_RAW DATA_

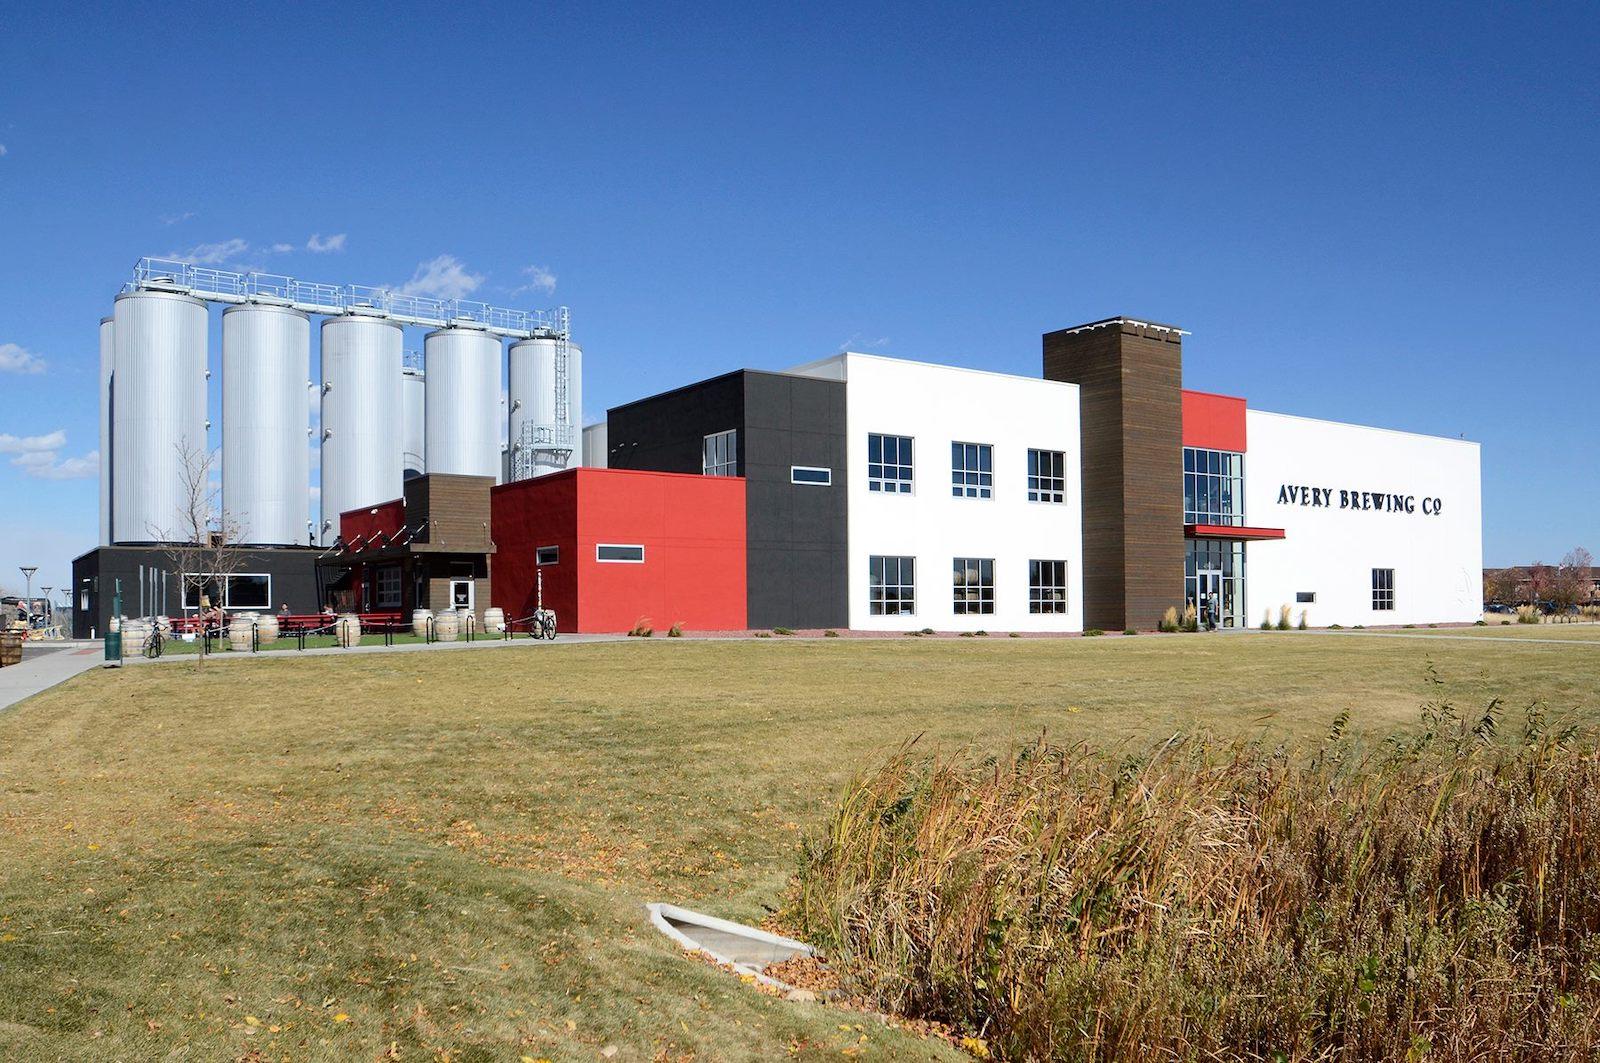 Perusahaan Pembuatan Bir Avery, Colorado
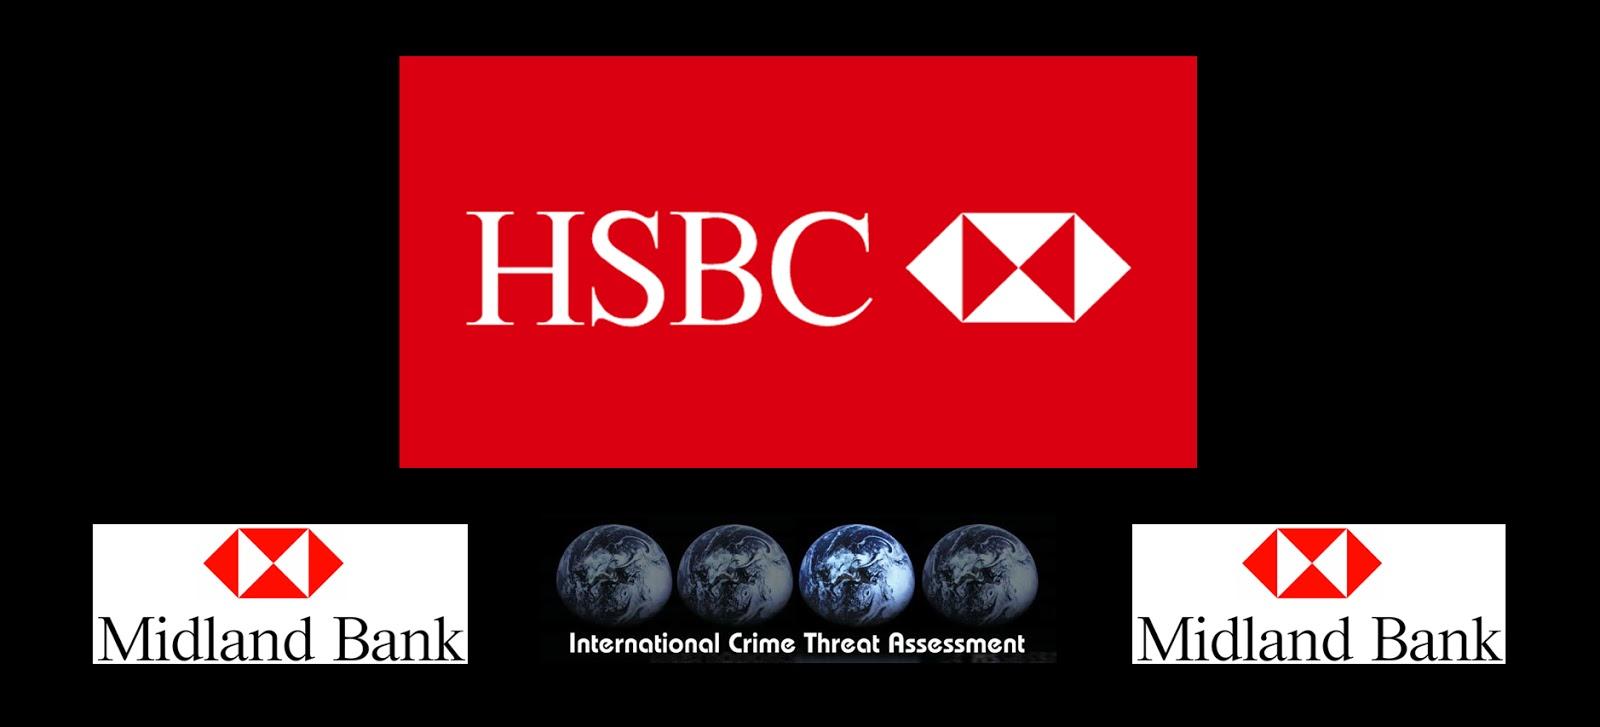 HSBC Chairman Mark Tucker * LOCKDOWN * IRS HMRC Biggest
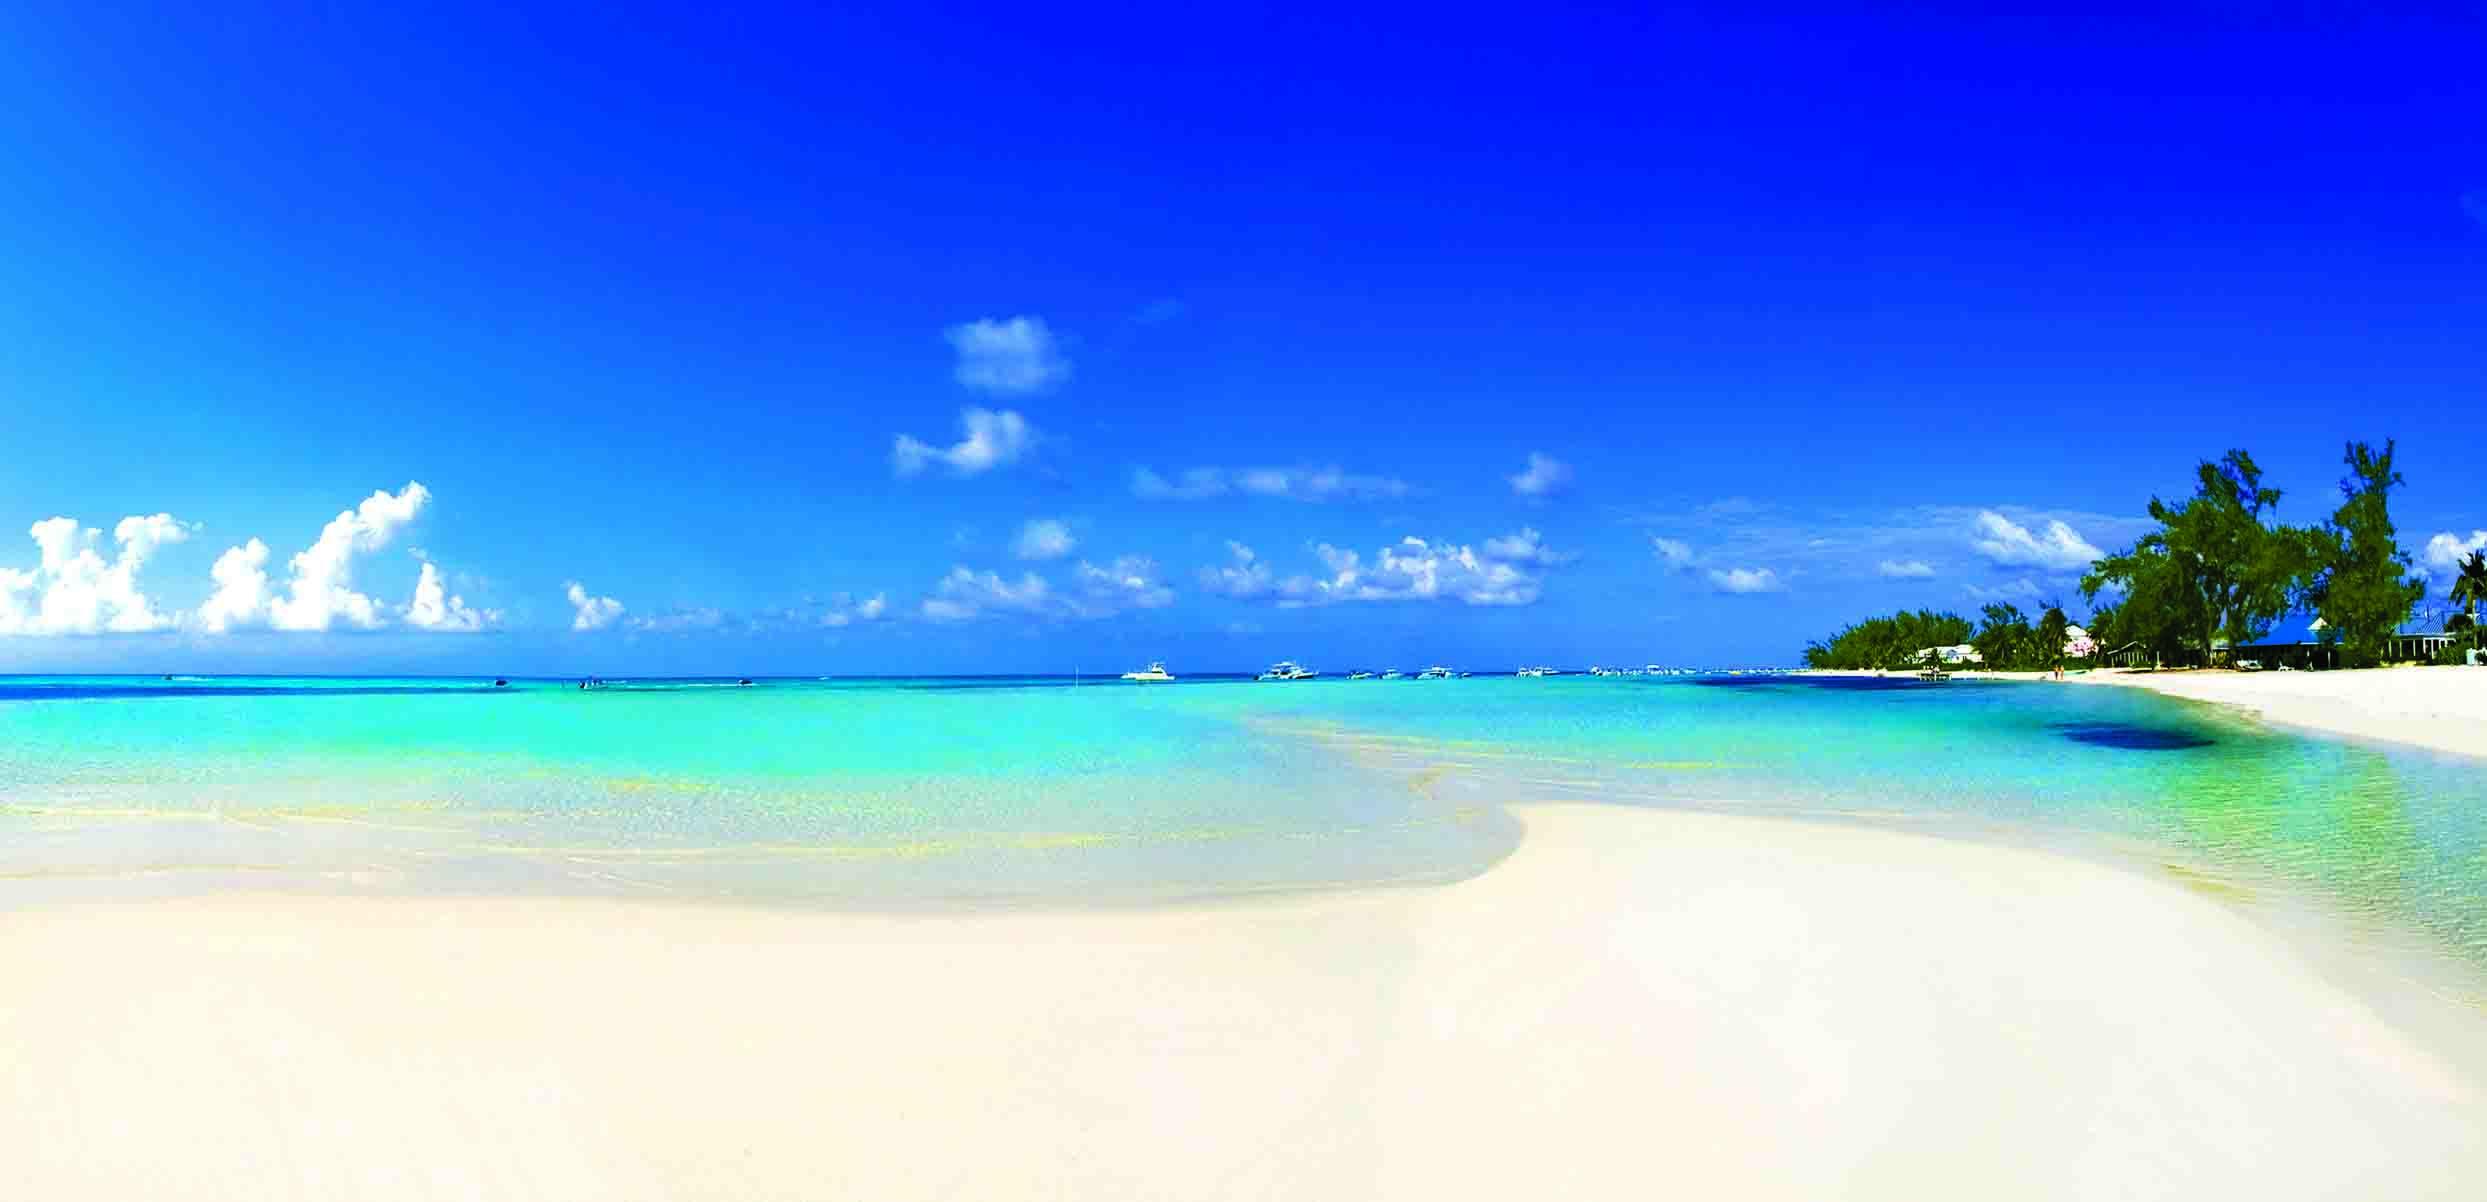 cayman-yacht-charter-cayman-yacht-rental-cayman-boat-charter-cayman-boat-rental-cayman-sailing-charter-beaches

_ABOUT THIS EXERCISE_
Keep the pictures out of your answer, which should be the lines from the one with "HSBC Chairman Mark" through the final line of the data, copied exactly.

_YOUR SOLUTION_
 HSBC Chairman Mark Tucker * LOCKDOWN * IRS HMRC Biggest
 cayman-yacht-charter-cayman-yacht-rental-cayman-boat-charter-cayman-boat-rental-cayman-sailing-charter-beaches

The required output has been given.